Sanki "Bak cano ne buldum?" der gibi iki avucunu açmış halde arkadaşım
duruyor karşımda. Umursamıyorum. Rüyamı daha cezbedici bularak, tekrar gözlerimi kapatıyorum.
Ses tonu değişmeden ismimi tekrarlamaya devam ediyor. Bu sefer hiddetle başımı
kaldırıyorum, kanepenin rahatsız başlığından. Dikkatimi toplayarak bakıyorum;
arkadaşım aynı şekilde duruyor ve ağlayarak ismimi tekrarlamaya devam ediyor.
Arkadaşım ağlıyor. Hızlıca yattığım yerden kalkıp, yanına gidiyorum. Birbirine
birleştirdiği avuçlarında hareketsiz bir şekilde, gözleri açık Şaxiro duruyor.
Şaxiro ölmüş. Arkadaşım ağlıyor ve Şaxiro nefes almıyor. Ben korkuyorum ama
arkadaşım ağlıyor. Daha sonra nasıl yaptığıma şaşırarak, arkadaşımın avucundan
kuşu kendi avuçlarıma alarak salondan çıkarıp mutfağa götürüyorum. Arkadaşım
hıçkırıklarla ağlamaya devam ediyor. Mutfak tezgahının üzerine bıraktığım
Şaxiro'nun göğsüne dokunuyorum. Hala sıcacık ve gözleri açık bana bakıyor.

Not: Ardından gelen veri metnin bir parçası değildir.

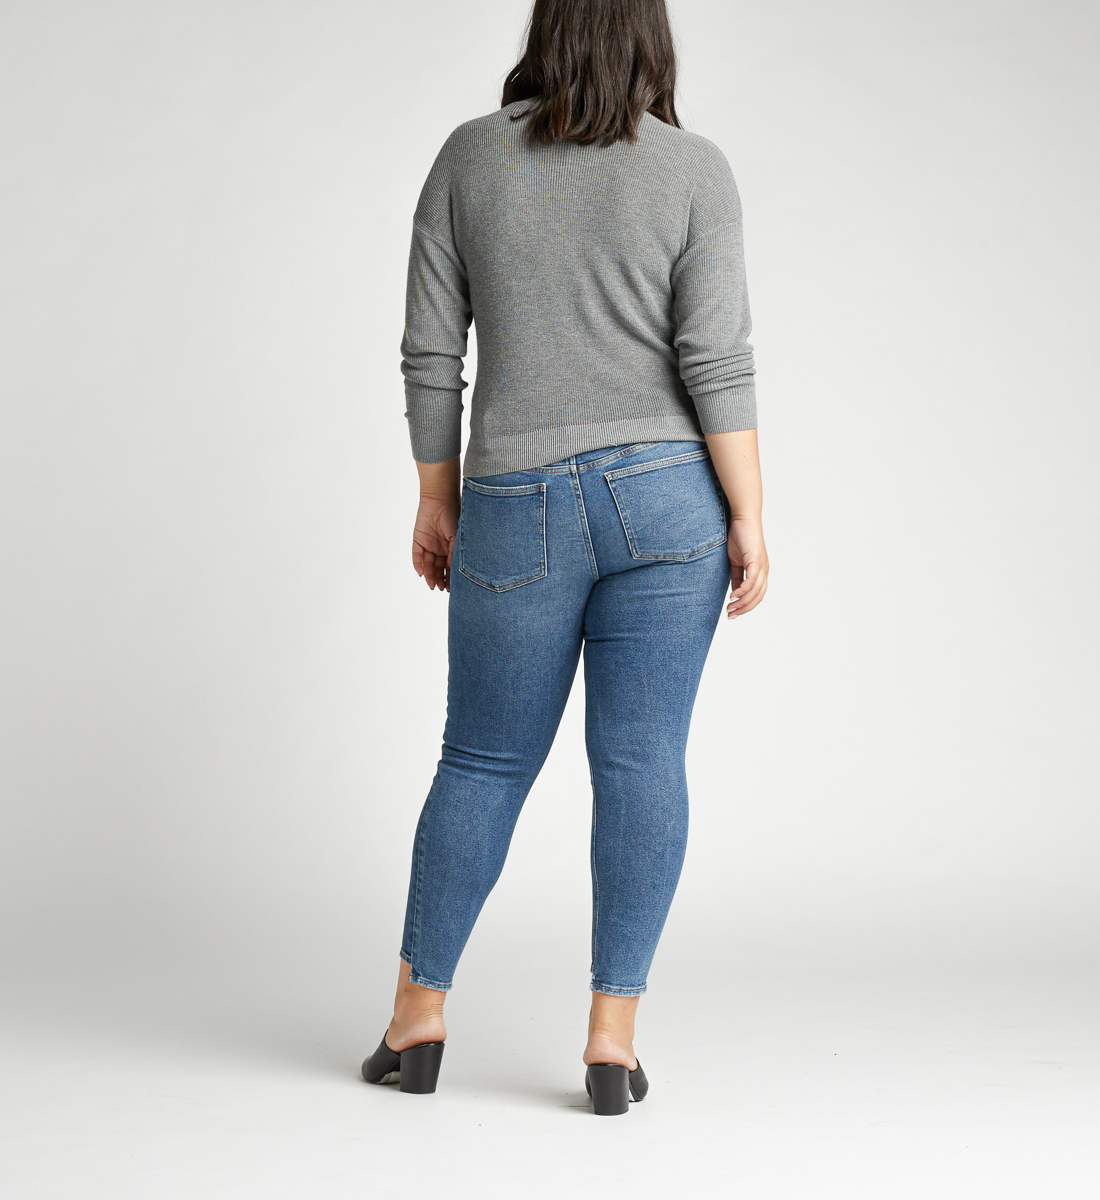 Most Wanted Mid Rise Skinny Plus Size Jeans - Silver Jeans US

Elimle göğsüne git-gel halinde basınç uyguluyorum, kalp masajı yapar gibi. Hala
hareket yok. Ne yapacağımı bilmiyorum. Arkadaşım geliyor mutfağa,
engelleyemiyorum. O da dokunuyor kuşun göğsüne, ağlayarak. Çare yok, Şaxiro
ölmüş.
Nasıl, niçin öldü bilmiyorum, sormuyorum, soramıyorum?
Arkadaşım ağlıyor. Mutfağın muşamba kaplı soğuk zeminine oturuyor. Yetişkin bir insanın ağlaması en son görmek isteyeceğim şeylerden biridir. Oysa ben sık sık ağlarım,
saklamayı da beceremem tuzlu gözyaşlarımın varlığını. Arkadaşım ağlıyor, ben
kendimi kasıyorum. Yere çömelip, arkadaşımın başını ellerimin arasına alıyorum.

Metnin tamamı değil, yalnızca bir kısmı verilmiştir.